GitHub webhooks land at POST /api/webhooks/github on the webhook pod (or the API pod for the unified deployment).

src/sources/github/index.ts flow:

  1. Look up the WebhookSource CR by spec.type === "github".
  2. Read webhookSecret, appId, privateKey, installationId from the credentials Secret referenced by spec.credentialsRef.
  3. Verify HMAC-SHA-256 (x-hub-signature-256 header vs raw body).
  4. Normalize x-github-event + payload.action into a canonical event name.
  5. Public-repo filter: if payload.repository.private === false, deny unless allowPublicRepos: true or repository.full_name is in allowedPublicRepos. Returns 200 with matched: 0 on deny (not 4xx).
  6. Match agents via agentWatcher.findByEvent(source, event) plus mention parsing (@ai-{role}, @agents-assemble).
  7. Create one InferenceRequest per matched agent via irClient.create(...).

Workspace and Uploads

The shared RWX uploads PVC is mounted read-write by the API pod and read-only by executor Jobs. Files referenced via workspaceUploads are copied from /uploads/{id}/{name} into the workspace before the CLI runs. The PVC name comes from UPLOADS_PVC_NAME.

Per-job ConfigMaps and git Secrets are deleted after Job termination via owner references and TTL.

Metrics and Logs

  • GET /metrics exposes Prometheus metrics (registry from src/metrics.ts).
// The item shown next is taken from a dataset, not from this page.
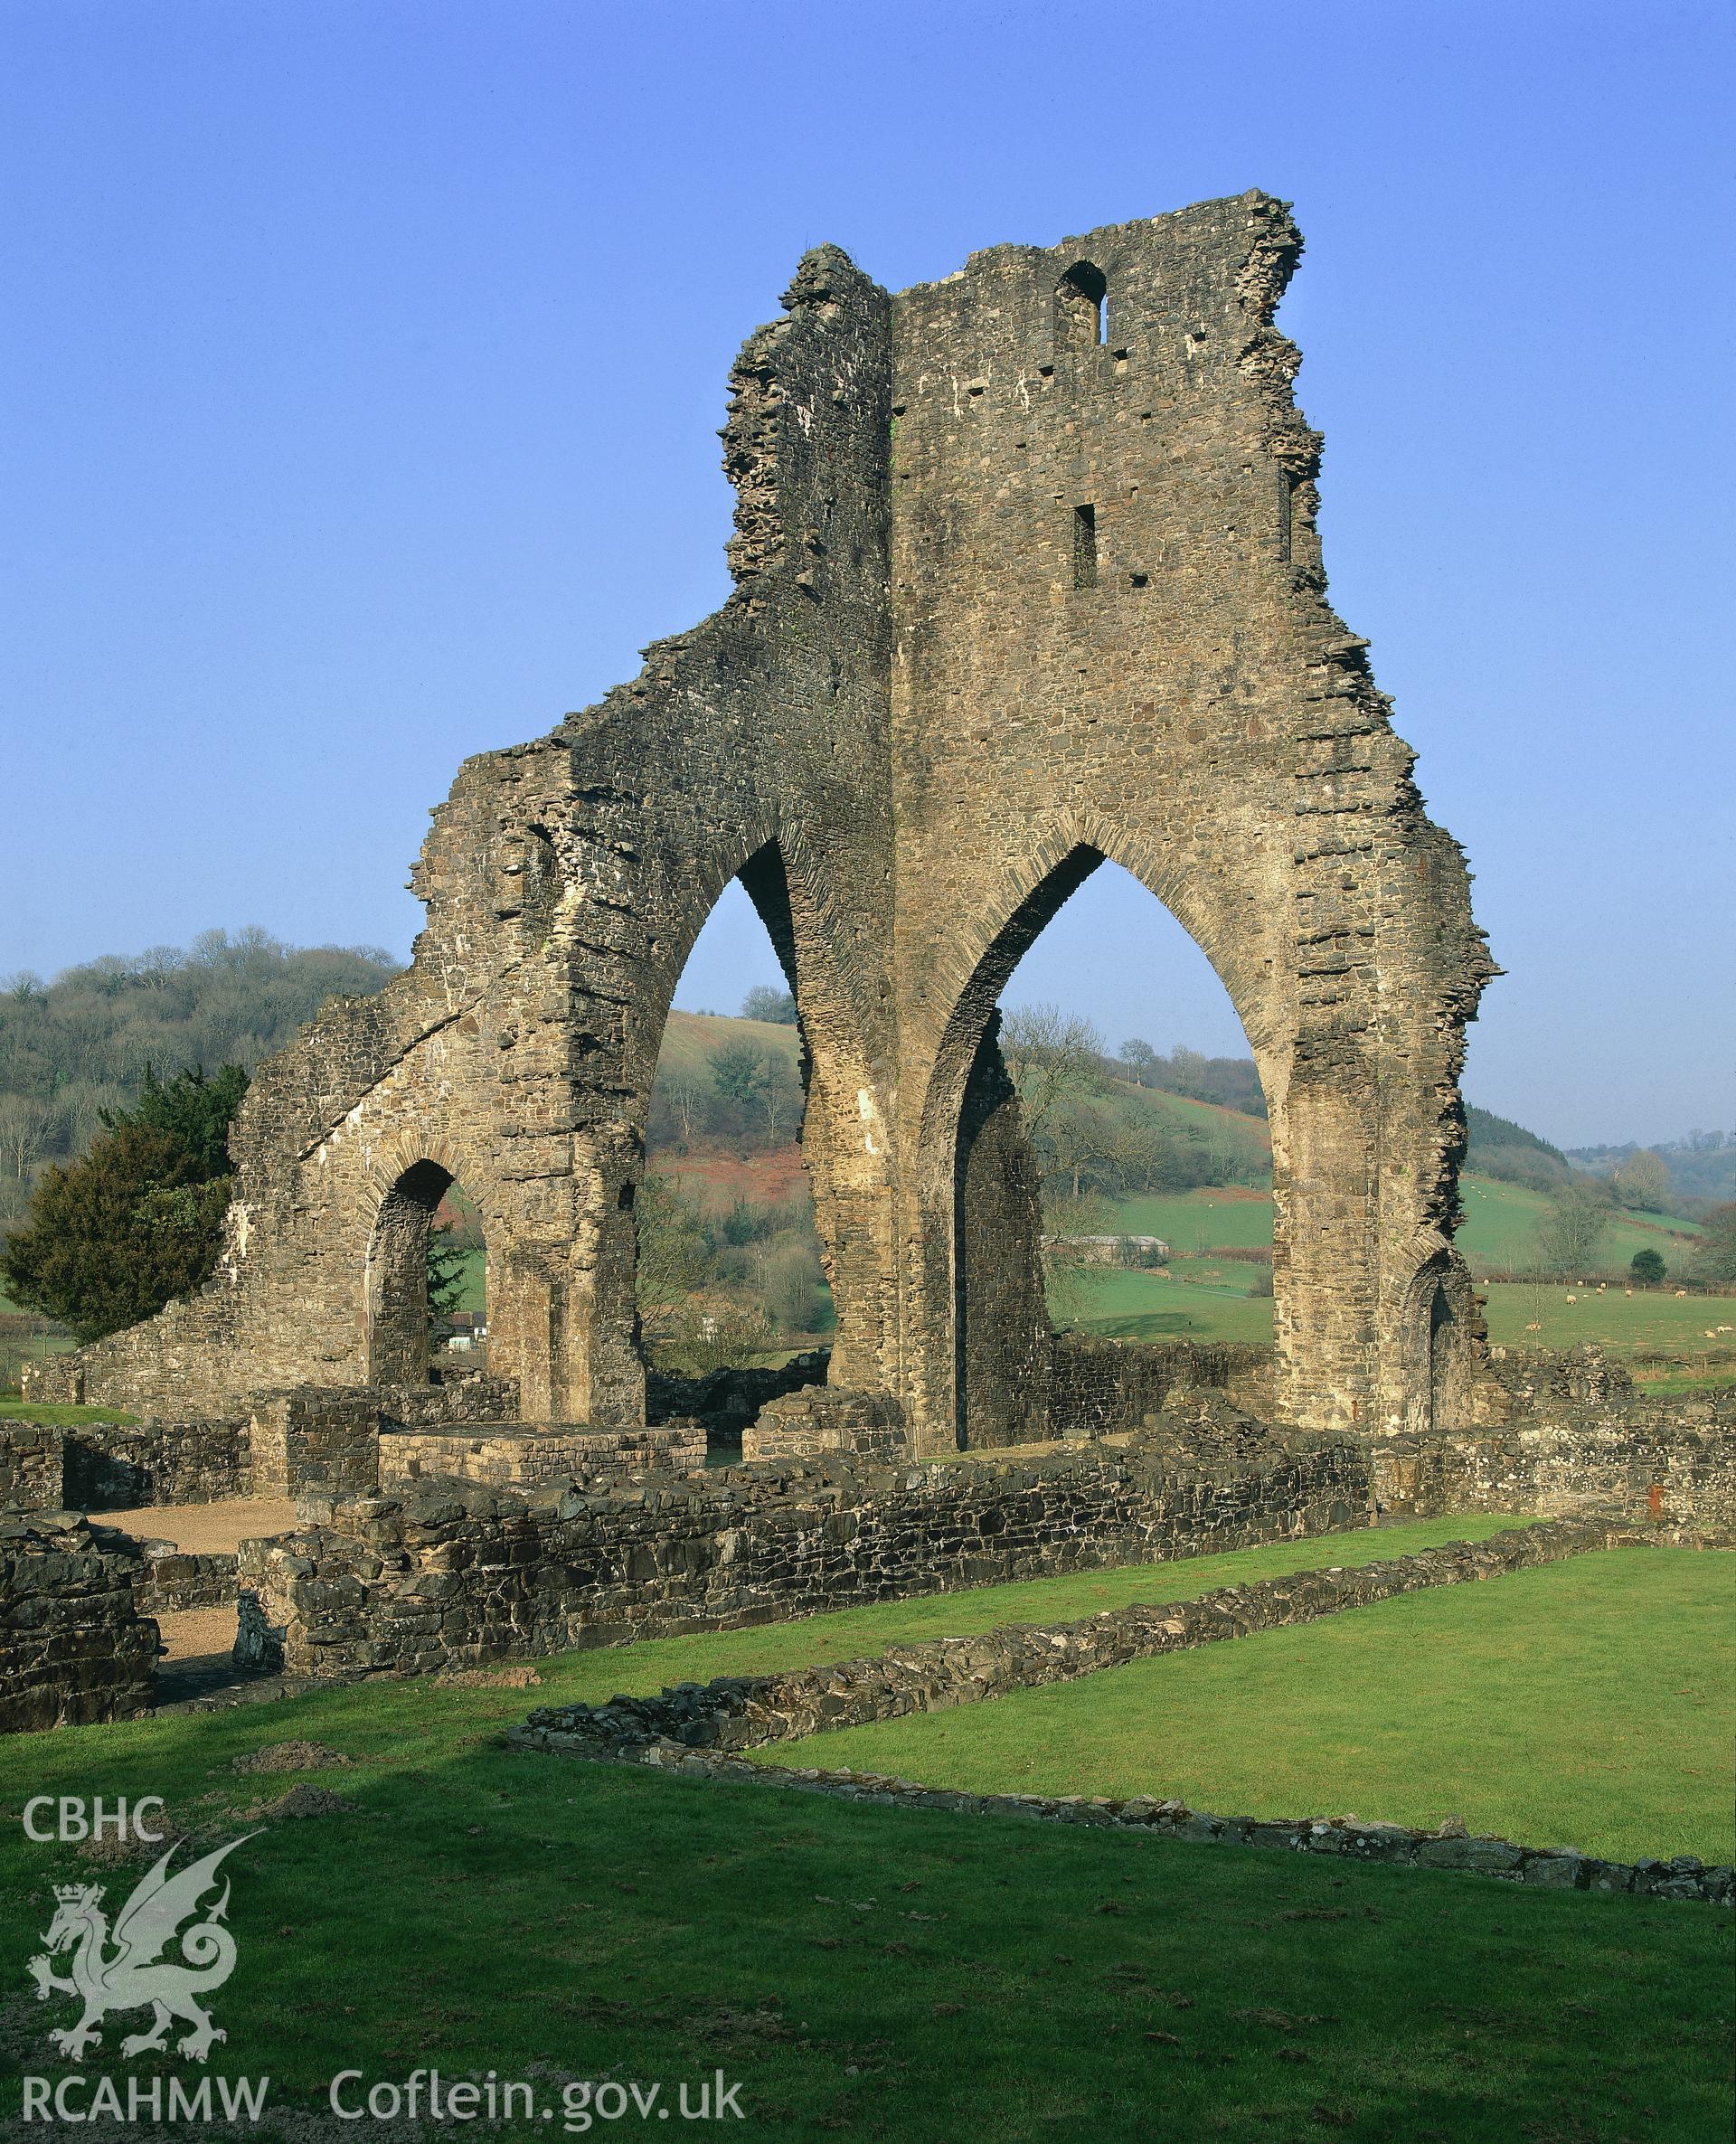 RCAHMW colour transparency showing view of Talley Abbey

The dashboard timeseries page reads from PROMETHEUS_URL.
  • GET /api/jobs/:id/logs is a Server-Sent Events stream that:
    1. Streams executor pod logs live (follow: true) when an executorPodName is recorded.
    2. Falls back to tailing the persisted log file in the uploads PVC (used by pipeline jobs).
    3. Closes with {done:true,status:…} once the IR reaches a terminal phase.

Config Defaults Resolution

Job submission spec.config
        │
        ▼ (per-field fallback)
AiAgent.spec.defaultModel / defaultEffort / provider
        │
        ▼
AiConfig.spec.providers[provider].model / effort
        │
        ▼
AiConfig.spec.model / effort
        │
        ▼
Hard defaults: provider="claude", effort="medium"

AiConfig.spec.executorImage and executorResources apply uniformly to all jobs unless an IR explicitly overrides them.